Strengths and limitations

This is the first low risk of bias systematic review [self-assessed using AMSTAR 2 [43]] that has synthesised the evidence for physical prognostic factors predicting patient outcome following lumbar discectomy surgery. However, the review is limited by risk of bias across the small number of available studies, and a lack of comparable outcome measures across studies. This lack of comparable outcome measures meant that the definition of outcome taken into the GRADE analysis was broad encompassing a range of domains and outcome measures. The exclusion of 3 non-English studies could be a major limitation of this review as key findings may have been missed; particular as only 6 studies were included. Discussion of this review’s findings is limited by the scarce literature in this area and the quality of reporting of individual study results which was inconsistent and poor overall.

Conclusions

Results from this systematic review identified low level evidence that higher severity of pre-operative leg pain predicts better Core Outcome Measures Index at 12 months and better post-operative leg pain at 2 and 7 years. There is very low level evidence that a lower pre-operative EQ-5D predicts better EQ-5D at 2 years. Low level evidence supports duration of leg pain pre-operatively not being associated with outcome, and very low-quality evidence supports other factors [pre-operative ODI, duration back pain, severity back pain, ipsilateral SLR and forward bend] not being associated with outcome [range of outcome measures used]. Research to date is however poor, consisting mostly of high risk of bias studies with inadequate reporting of analyses, not enabling full understanding of the prognostic value of physical factors assessed prior to surgery.

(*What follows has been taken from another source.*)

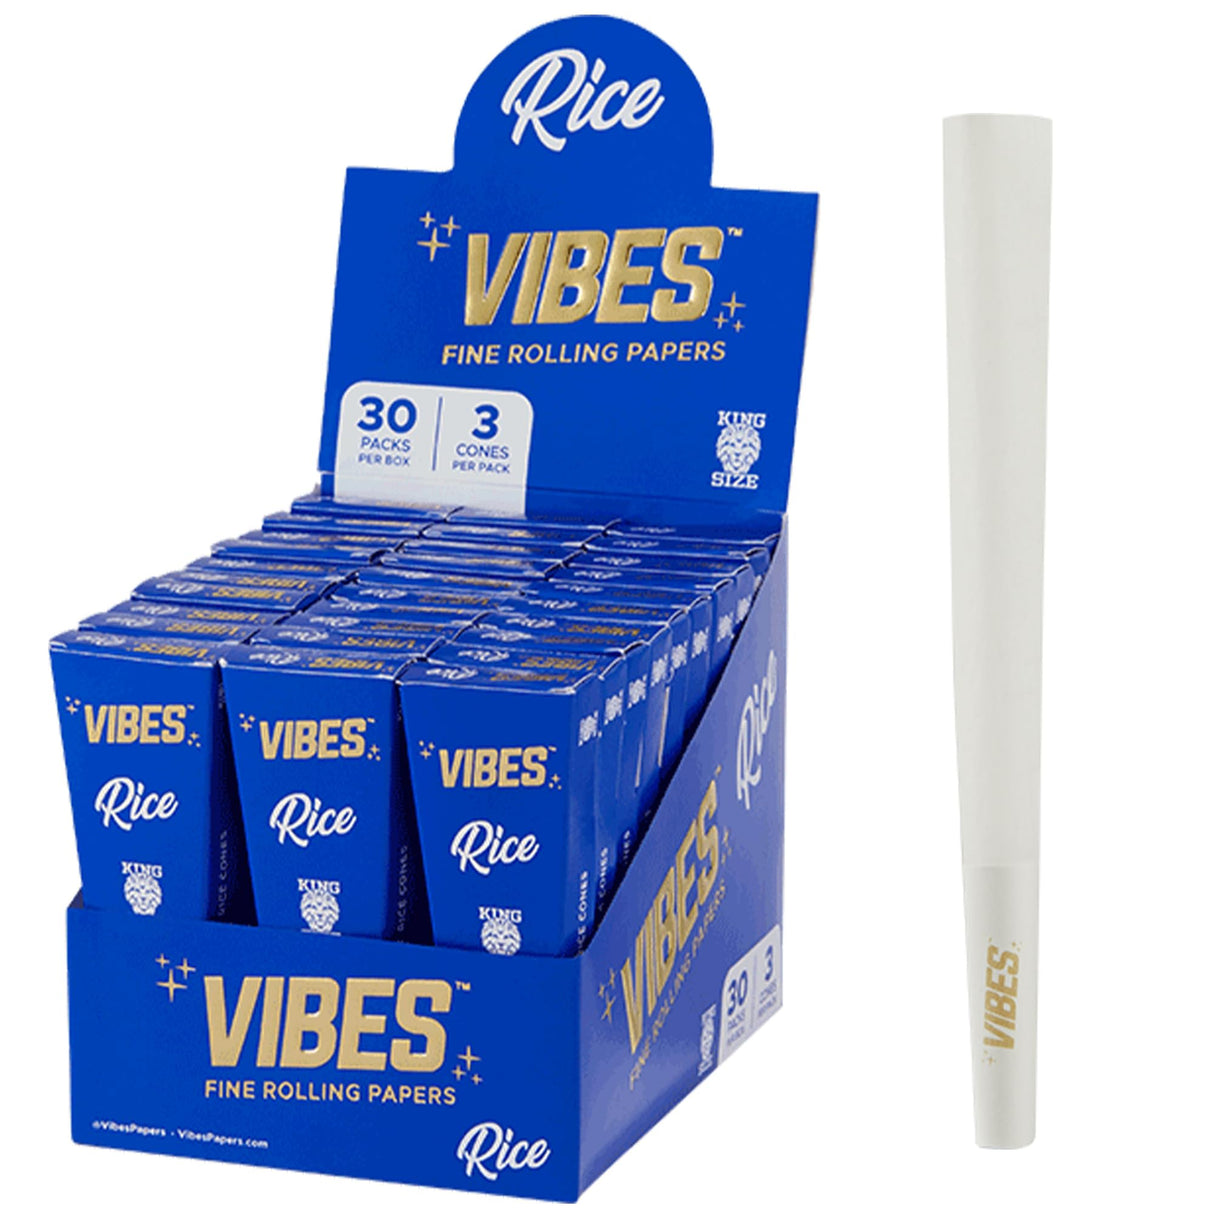 Vibes Cones Box in blue, displaying 1.25" rice rolling papers, side view with a single cone

An adequately powered low risk of bias prospective observational study, with clear reporting of multivariable analyses is required to investigate all potential physical factors. Knowledge of the physical prognostic factors is essential to inform clinical decision-making processes regarding selection of patients for surgery and potentially the targeting of patients for rehabilitation following surgery. The results of prospective observational studies can help clinicians to decide which people should receive surgery or rehabilitation. However, a limitation is that a difference in prognosis does not necessarily mean a causal link with the surgery. Therefore, when we understand the prognostic factors we need to investigate them in a randomised controlled trial to investigate predictors of treatment response.